Problem description →
What you return must be every line from the beginning of the data through the line holding "PARFAIT ParfaitPanty SoEssential", unchanged.

Given data →
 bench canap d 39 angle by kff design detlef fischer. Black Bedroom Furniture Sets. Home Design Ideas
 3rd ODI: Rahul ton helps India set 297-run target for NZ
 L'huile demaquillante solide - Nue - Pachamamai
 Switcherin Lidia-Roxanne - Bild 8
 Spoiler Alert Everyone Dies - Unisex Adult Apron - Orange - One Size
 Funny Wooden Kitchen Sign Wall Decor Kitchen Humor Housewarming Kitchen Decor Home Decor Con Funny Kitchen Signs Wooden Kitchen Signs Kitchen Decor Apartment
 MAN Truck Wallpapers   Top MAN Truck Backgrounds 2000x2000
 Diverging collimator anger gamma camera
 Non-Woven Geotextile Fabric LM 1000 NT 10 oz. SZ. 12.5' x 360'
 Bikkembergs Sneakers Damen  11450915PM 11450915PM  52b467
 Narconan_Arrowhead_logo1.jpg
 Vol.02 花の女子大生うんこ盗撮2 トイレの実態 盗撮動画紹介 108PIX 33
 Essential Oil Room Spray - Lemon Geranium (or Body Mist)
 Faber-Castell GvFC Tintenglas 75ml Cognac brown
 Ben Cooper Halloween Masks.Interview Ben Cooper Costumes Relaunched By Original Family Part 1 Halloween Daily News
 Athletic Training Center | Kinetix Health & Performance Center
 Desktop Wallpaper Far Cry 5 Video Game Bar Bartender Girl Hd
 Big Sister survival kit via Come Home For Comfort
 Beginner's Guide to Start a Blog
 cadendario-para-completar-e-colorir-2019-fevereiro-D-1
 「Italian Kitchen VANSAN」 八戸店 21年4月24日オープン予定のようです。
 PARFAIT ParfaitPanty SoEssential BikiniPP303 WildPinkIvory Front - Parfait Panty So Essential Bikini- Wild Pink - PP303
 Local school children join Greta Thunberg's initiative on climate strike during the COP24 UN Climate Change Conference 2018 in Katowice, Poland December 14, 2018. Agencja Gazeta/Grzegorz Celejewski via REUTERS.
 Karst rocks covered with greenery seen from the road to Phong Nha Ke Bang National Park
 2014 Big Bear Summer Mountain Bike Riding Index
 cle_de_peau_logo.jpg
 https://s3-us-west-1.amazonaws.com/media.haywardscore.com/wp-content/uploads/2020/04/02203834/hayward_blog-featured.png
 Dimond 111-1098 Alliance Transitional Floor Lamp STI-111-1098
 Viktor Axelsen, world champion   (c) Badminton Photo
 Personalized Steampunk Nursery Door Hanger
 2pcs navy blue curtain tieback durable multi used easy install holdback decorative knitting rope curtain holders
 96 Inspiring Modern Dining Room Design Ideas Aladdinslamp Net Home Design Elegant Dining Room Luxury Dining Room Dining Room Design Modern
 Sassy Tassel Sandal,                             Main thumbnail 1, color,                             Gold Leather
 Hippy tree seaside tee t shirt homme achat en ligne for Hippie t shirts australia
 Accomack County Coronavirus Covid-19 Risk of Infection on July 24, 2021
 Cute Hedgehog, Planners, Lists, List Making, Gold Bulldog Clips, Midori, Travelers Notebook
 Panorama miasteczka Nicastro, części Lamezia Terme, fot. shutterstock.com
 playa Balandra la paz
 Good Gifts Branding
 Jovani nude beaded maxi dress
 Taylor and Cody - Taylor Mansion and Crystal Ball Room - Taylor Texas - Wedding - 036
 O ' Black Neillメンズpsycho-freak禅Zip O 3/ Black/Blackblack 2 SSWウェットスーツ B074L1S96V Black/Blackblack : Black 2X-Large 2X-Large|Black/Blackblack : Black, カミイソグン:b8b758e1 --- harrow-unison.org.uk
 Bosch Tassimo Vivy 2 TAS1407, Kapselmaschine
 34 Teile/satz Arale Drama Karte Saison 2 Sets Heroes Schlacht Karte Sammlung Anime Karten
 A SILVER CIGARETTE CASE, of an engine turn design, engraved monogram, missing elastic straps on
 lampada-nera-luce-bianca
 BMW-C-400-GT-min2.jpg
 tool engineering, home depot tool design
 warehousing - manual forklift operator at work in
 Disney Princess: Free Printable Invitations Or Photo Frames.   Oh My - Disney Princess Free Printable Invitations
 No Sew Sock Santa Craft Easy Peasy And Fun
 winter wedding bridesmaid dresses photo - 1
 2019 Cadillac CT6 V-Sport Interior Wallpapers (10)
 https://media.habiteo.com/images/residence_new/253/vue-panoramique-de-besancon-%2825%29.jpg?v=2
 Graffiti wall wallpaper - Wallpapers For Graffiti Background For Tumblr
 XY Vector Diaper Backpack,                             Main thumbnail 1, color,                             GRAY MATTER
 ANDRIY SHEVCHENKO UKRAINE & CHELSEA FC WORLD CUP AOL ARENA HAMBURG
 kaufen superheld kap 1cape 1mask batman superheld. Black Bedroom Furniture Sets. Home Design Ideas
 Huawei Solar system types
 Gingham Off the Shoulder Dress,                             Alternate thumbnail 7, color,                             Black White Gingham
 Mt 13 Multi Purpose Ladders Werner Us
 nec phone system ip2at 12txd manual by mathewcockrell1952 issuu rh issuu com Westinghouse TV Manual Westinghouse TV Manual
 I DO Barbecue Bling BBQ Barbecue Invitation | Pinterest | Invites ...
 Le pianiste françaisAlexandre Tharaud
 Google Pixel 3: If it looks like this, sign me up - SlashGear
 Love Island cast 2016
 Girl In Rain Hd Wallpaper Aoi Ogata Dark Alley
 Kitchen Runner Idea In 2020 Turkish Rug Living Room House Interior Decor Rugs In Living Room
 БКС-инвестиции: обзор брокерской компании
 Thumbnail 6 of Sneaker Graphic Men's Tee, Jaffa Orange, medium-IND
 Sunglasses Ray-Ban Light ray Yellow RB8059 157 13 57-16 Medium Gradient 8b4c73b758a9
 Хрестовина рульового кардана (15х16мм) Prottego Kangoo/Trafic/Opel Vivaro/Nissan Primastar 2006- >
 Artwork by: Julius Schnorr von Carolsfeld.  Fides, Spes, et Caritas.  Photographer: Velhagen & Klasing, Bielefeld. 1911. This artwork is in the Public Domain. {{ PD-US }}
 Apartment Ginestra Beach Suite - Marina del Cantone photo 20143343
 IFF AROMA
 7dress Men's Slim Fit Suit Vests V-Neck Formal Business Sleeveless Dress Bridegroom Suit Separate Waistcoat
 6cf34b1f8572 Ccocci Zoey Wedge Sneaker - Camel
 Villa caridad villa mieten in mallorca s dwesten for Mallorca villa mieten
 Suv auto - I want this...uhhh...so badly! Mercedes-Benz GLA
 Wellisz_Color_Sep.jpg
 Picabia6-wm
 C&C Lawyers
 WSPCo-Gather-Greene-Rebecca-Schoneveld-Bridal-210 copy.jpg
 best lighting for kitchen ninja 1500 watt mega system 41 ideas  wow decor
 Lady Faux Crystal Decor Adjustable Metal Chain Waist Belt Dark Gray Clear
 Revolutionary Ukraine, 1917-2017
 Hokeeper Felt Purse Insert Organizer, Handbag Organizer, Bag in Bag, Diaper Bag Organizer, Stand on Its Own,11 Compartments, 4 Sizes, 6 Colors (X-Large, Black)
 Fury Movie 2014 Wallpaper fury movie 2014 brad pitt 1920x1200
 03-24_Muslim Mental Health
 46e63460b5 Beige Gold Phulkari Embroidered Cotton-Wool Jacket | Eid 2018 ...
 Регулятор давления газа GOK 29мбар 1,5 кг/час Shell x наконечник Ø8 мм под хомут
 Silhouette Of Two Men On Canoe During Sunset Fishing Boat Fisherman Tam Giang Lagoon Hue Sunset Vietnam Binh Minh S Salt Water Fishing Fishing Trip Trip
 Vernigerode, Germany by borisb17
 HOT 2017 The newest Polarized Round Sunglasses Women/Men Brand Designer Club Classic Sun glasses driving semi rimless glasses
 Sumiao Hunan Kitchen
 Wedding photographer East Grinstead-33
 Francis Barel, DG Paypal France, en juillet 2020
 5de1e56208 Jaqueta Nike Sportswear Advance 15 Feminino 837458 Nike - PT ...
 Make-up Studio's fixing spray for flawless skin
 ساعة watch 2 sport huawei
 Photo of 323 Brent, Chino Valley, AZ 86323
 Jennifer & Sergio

Solution to the problem →
 bench canap d 39 angle by kff design detlef fischer. Black Bedroom Furniture Sets. Home Design Ideas
 3rd ODI: Rahul ton helps India set 297-run target for NZ
 L'huile demaquillante solide - Nue - Pachamamai
 Switcherin Lidia-Roxanne - Bild 8
 Spoiler Alert Everyone Dies - Unisex Adult Apron - Orange - One Size
 Funny Wooden Kitchen Sign Wall Decor Kitchen Humor Housewarming Kitchen Decor Home Decor Con Funny Kitchen Signs Wooden Kitchen Signs Kitchen Decor Apartment
 MAN Truck Wallpapers   Top MAN Truck Backgrounds 2000x2000
 Diverging collimator anger gamma camera
 Non-Woven Geotextile Fabric LM 1000 NT 10 oz. SZ. 12.5' x 360'
 Bikkembergs Sneakers Damen  11450915PM 11450915PM  52b467
 Narconan_Arrowhead_logo1.jpg
 Vol.02 花の女子大生うんこ盗撮2 トイレの実態 盗撮動画紹介 108PIX 33
 Essential Oil Room Spray - Lemon Geranium (or Body Mist)
 Faber-Castell GvFC Tintenglas 75ml Cognac brown
 Ben Cooper Halloween Masks.Interview Ben Cooper Costumes Relaunched By Original Family Part 1 Halloween Daily News
 Athletic Training Center | Kinetix Health & Performance Center
 Desktop Wallpaper Far Cry 5 Video Game Bar Bartender Girl Hd
 Big Sister survival kit via Come Home For Comfort
 Beginner's Guide to Start a Blog
 cadendario-para-completar-e-colorir-2019-fevereiro-D-1
 「Italian Kitchen VANSAN」 八戸店 21年4月24日オープン予定のようです。
 PARFAIT ParfaitPanty SoEssential BikiniPP303 WildPinkIvory Front - Parfait Panty So Essential Bikini- Wild Pink - PP303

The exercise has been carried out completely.